# I need a tip



## Touch0Gray (May 29, 2003)

since I changed out my bars, all the sudden I am dummying up and locking my elbows. I know better but I keep catching myself doing it....it's not comfortable but I need a tip to help me...(I may be incorrigible, because apparently the pain isn't enough to stop me from doing it)


----------



## iliveonnitro (Feb 19, 2006)

Are the hoods too low? That is pretty easily fixable by raising them or tilting the bars up.
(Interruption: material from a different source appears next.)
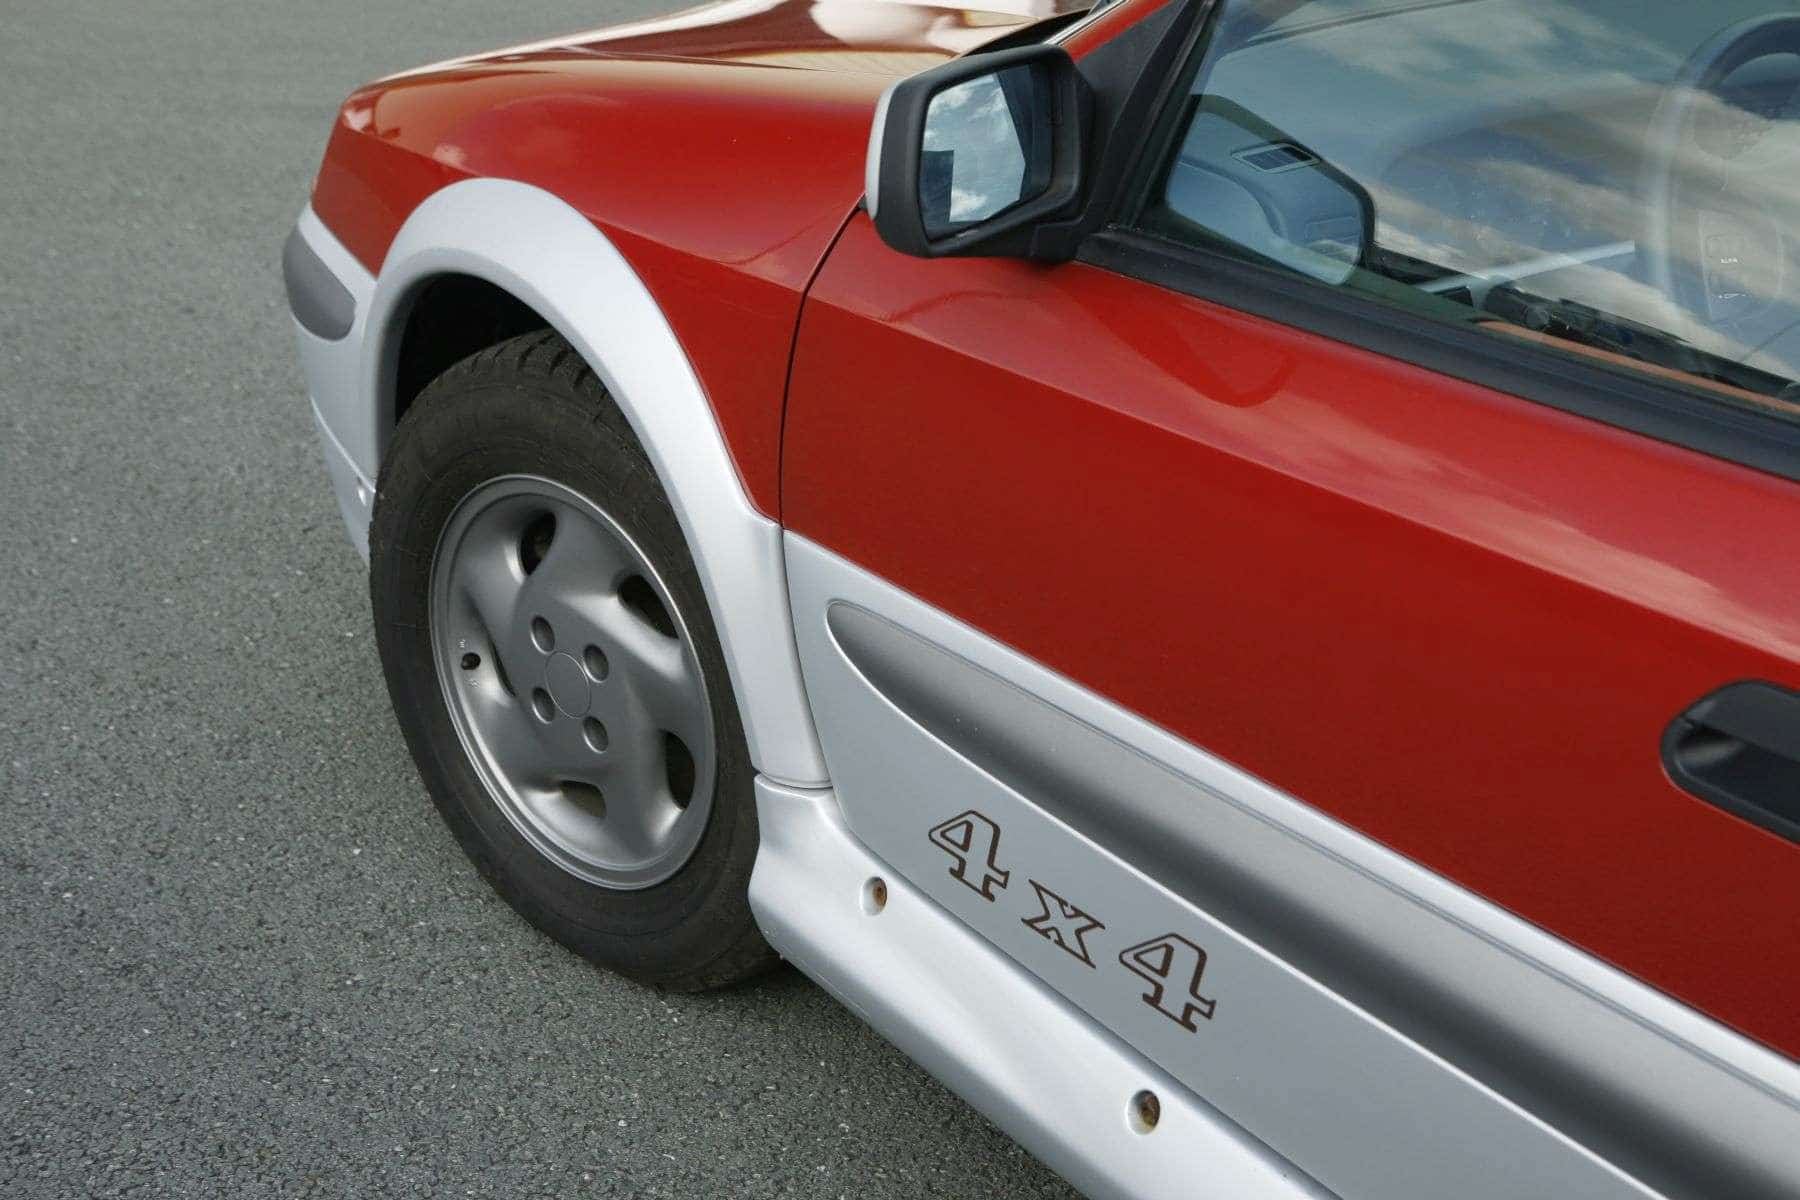 El Citröen 4x4 más aventurero con suspensión Hidractiva, un maletero infinito y colores heredados del Citroën 2 CV Spot

Is the new bar longer or lower than your old one? If so, you may need a new stem, to flip the stem, or add spacers to raise the bar.


----------



## Touch0Gray (May 29, 2003)

nope, not too low....about level with the top... (campy)....new bars are a bit shorter...I like it better, it's more comfortable (and handles WAY better, more responsive yet not twitchey).....as for flipping the stem....LOL...not an option (threaded) although I could raise it but only have a 1.5 to 2 cm drop to the bars...It really don't think it's a fit issue....I'm just not thinking....and actually today I paid attention and kept catching myself for the first 30 miles and then I only had to correct a couple of times after that.....all I can say is OMG my elbows feel SO much better this evening.

Maybe I'll get my daughter to shoot a pic of me on the bike on the training stand....


----------